A review by JC Kang
The Poppy War’s darkness meets The Last Airbender’s elemental magic.
Being a second world conflict between China and Japan, M. L. Wang’s The Sword of Kaigen brought to my mind R. F. Kuang’s meteoric debut, The Poppy War. With all the hype surrounding it, The Poppy War was my most anticipated release of 2018, but one whose expectations were so high. It left me underwhelmed. Fair or not, I couldn’t help but to compare the two books, and those comparisons invariably found their way into this review.
As a reader and writer of Asian-themed fantasy, I wanted to read The Sword of Kaigen from the first time its striking blue cover image flashed across my Facebook feed. The kimono-wearing young man facing the ocean, katana bared, screamed either a historical fiction or a second world, Japanese-themed chanbara story. My mistake, and one which was rectified within the first few pages. (Unfair Comparison #1: One of my main complaints with The Poppy War, was that I was unsure of the technology level until halfway through.)
On the surface, Wang’s Theonite world of Duna does not look much different from modern-day Earth. Its continental landmasses are similar (turn the map upside-down!), so much so that I wondered if it was a post-apocalyptic story where the coastlines changed from polar ice melt or tectonic shifts.
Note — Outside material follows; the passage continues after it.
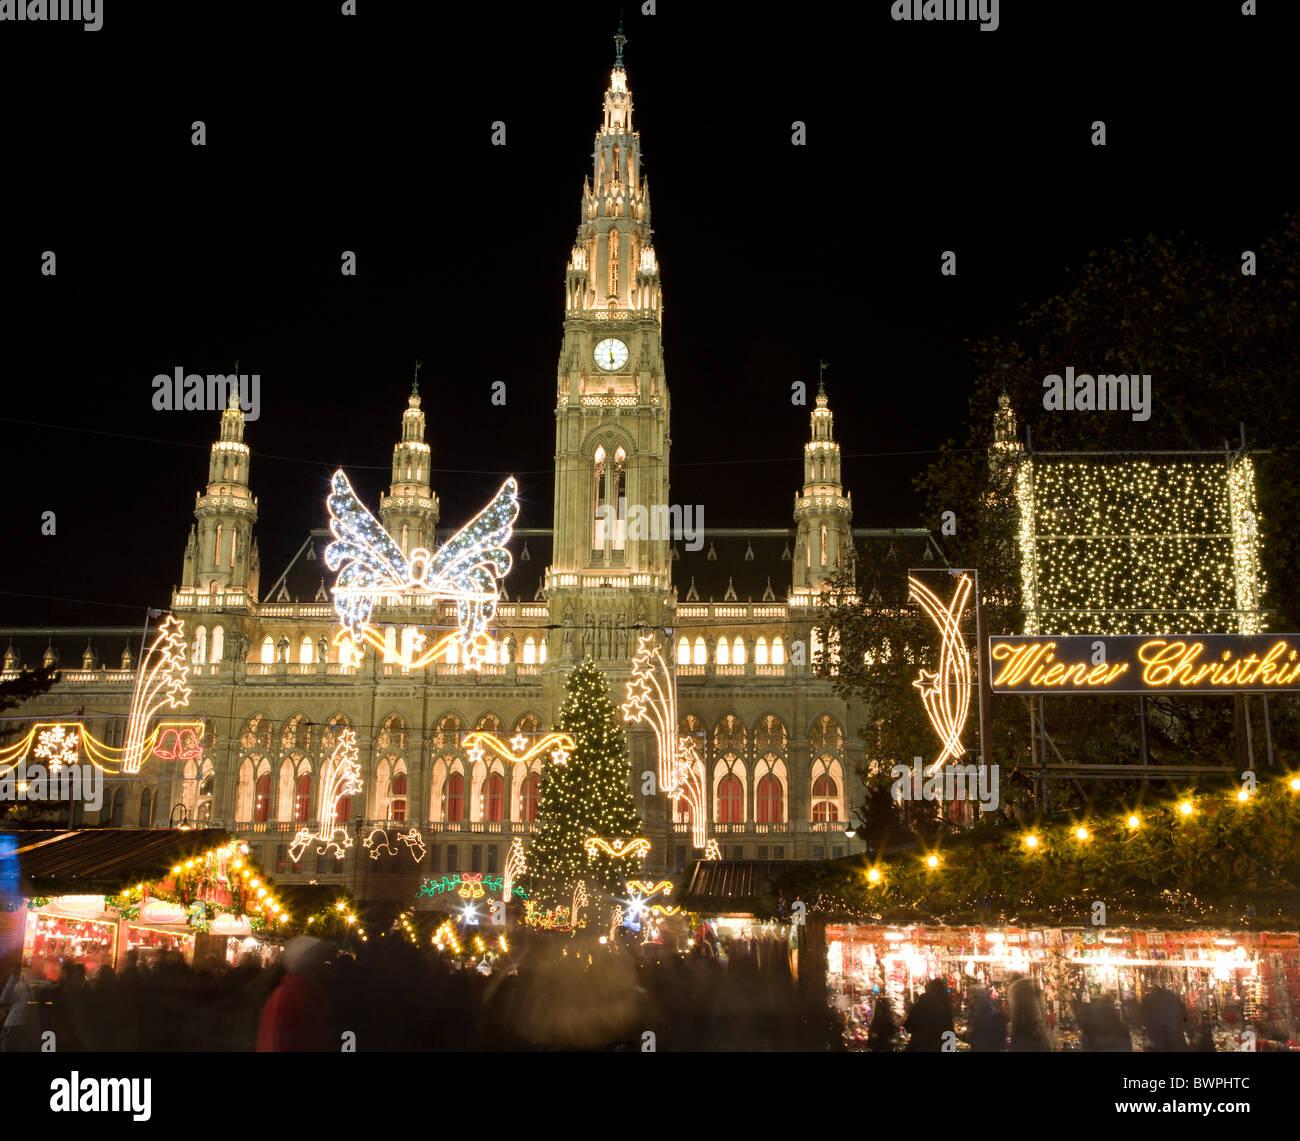 Vienna Christmas Stock Photos & Vienna Christmas Stock Images - Alamy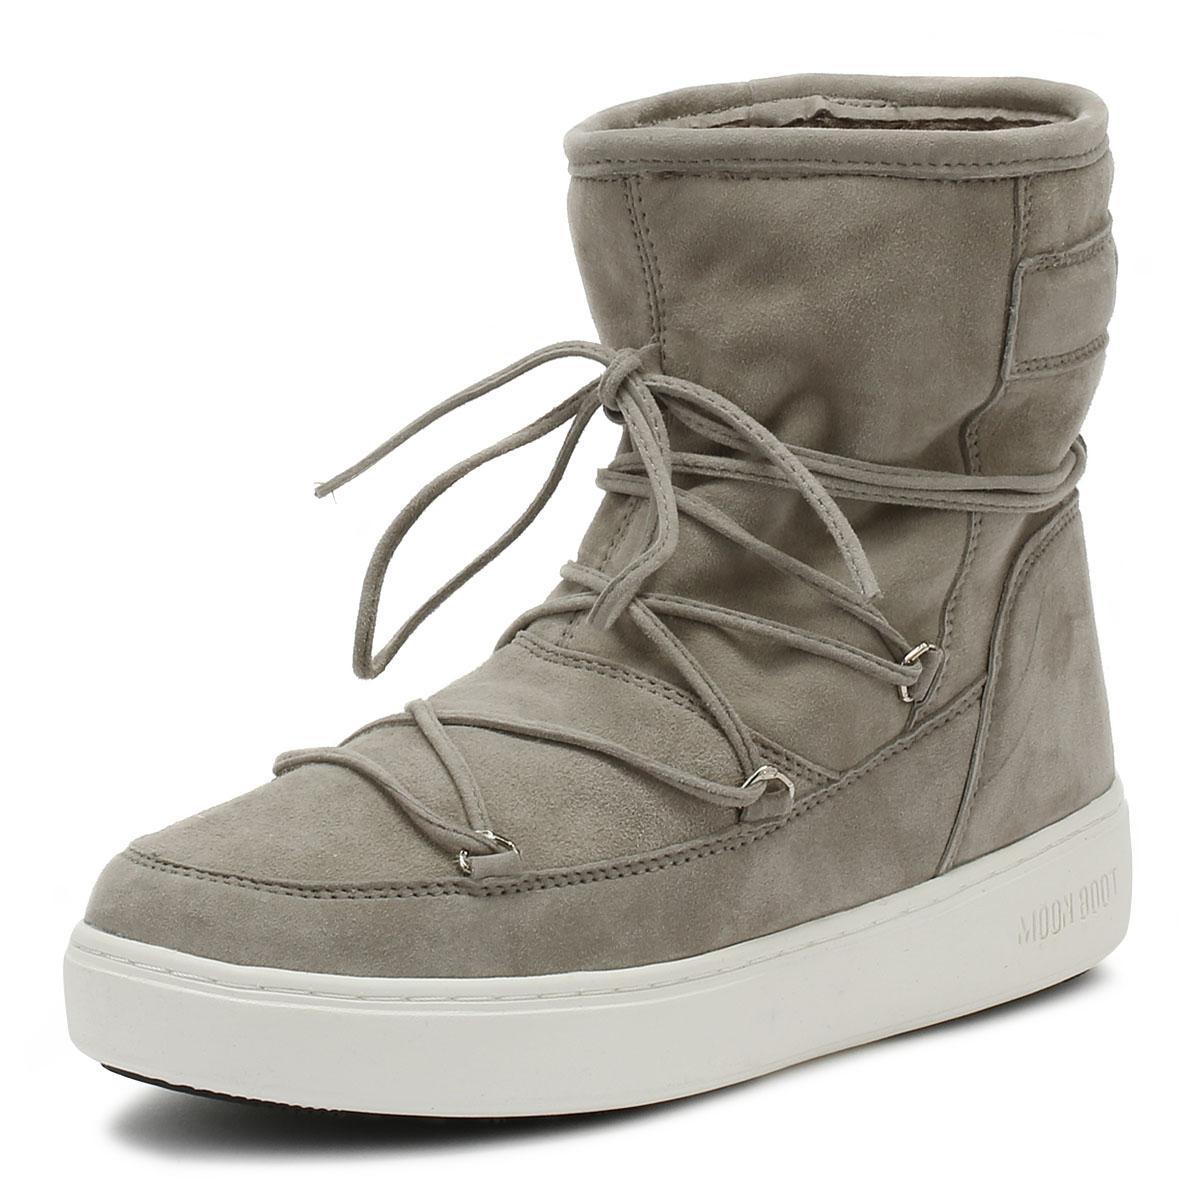 cómodo Moon bota pulso Mid Mid Mid Mujer botas gris Claro Zapatos De Gamuza caliente de invierno señoras  entrega gratis

It also mixes Last Airbender-like elemental magic with contemporary technology. Airplanes, smartphones, and televisions co-exist with the Avatar equivalent of water, air, and fire benders. (Unfair Comparison #2: I loved the originality of The Poppy War’s drug-centered magic more than The Sword of Kaigen’s less uncommon elemental magic).
The story takes part in Shirojima Province, where the sheer power of magic has ensured that martial traditions endure. The history differs from Earth in that the equivalent of Japan’s Greater East Asian Co Prosperity Sphere originates in Kaigen (“Korea”). But this Kaigenese Empire has weakened so much that neighboring Ranga (“China”) plans to invade. In this flipping of the historical script, the rocky coasts of Shirojima are the first line of defense—the Sword of Kaigen (surprise! It’s not some awesome artifact).
One of the main narratives follows fourteen-year-old Mamoru Matsuda. Born to a clan of powerful Jijakalu (“water benders”), Mamoru is raised in a strict martial tradition, which demands absolute obedience to a faraway emperor. When a new student at his school challenges everything Mamoru knows about history and current affairs, his is forced to reevaluate what is worth fighting for.
His mother, Misaki, is the other main viewpoint character. Once well-travelled and adventurous, this capable swordswoman has known passionate love with a foreigner in her youth; but now, she plays the role of a demure, obedient wife to a cold, emotionless water-bending samurai. In order to come to terms with her lost past, she has to lose even more.
And in these losses lies the most Unfair Comparison: I appreciated the Poppy War’s graphic depiction of atrocities, because they actually happened in the Sino-Japanese War. However, inasmuch as Rin has been numbed to violence, it read like accounts of The Rape of Nanjing.
In contrast, in The Sword of Kaigen, I felt anger and sadness at the indiscriminate targeting of women, children, and other non-combatants by the invading Ranganese. This was because Wang does an incredible job of building up the relationships between the Mamoru’s and Misaki’s friends, family, and mentors. The atrocities are personal. The victims aren’t faceless thousands, but an admired master or a best friend’s young child. There were places where I emotionally couldn’t continue, but kept turning the pages because I had to find out more.
The overall writing is solid and unembellished. The dialog feels right for a second world Japanese warrior culture. (Unfair Comparison #4: The Poppy War’s use of modern American colloquialisms really threw me out of the story.) The rest of the worldbuilding was unique in that “Africans” appeared to be the most advanced in both technology and magic, so much so that they were the ones to colonize “North America” and bring slaves from “Europe.”
A minor complaint is the overwhelming use of unique terminology for magic, energy, units of measurement and time. While these terms give the world texture, making it feel real and lived in, they also make for a steep learning curve. While the physical book has an extensive glossary, I was often using my brand-new Kindle Paperwhite, making cross-checking impractical.
If there is a shortcoming with The Sword of Kaigen, it is the pace and narrative arc. The first quarter of the story, while important toward establishing the relationships that make the rest of the story so poignant, can be slow. (Unfair Comparison #5: I loved the start of The Poppy War, from the time Rin studies for the civil service exams to her time at the Sinegard military academy.) The story really gets going 25% of the way in, has a first climax at 50%, and a second at about 75%. I felt the denouement dragged on a little too long, though it did contribute to a satisfying resolution.
From 25% in to 80% finished, The Sword of Kaigen is everything I wanted The Poppy War to be and more. I haven’t been so emotionally moved by a book in a long while, and would rate it a 9.5 – 10. However, with the slow start and meandering end, combined with the onslaught of unique terminology, I give it a 9.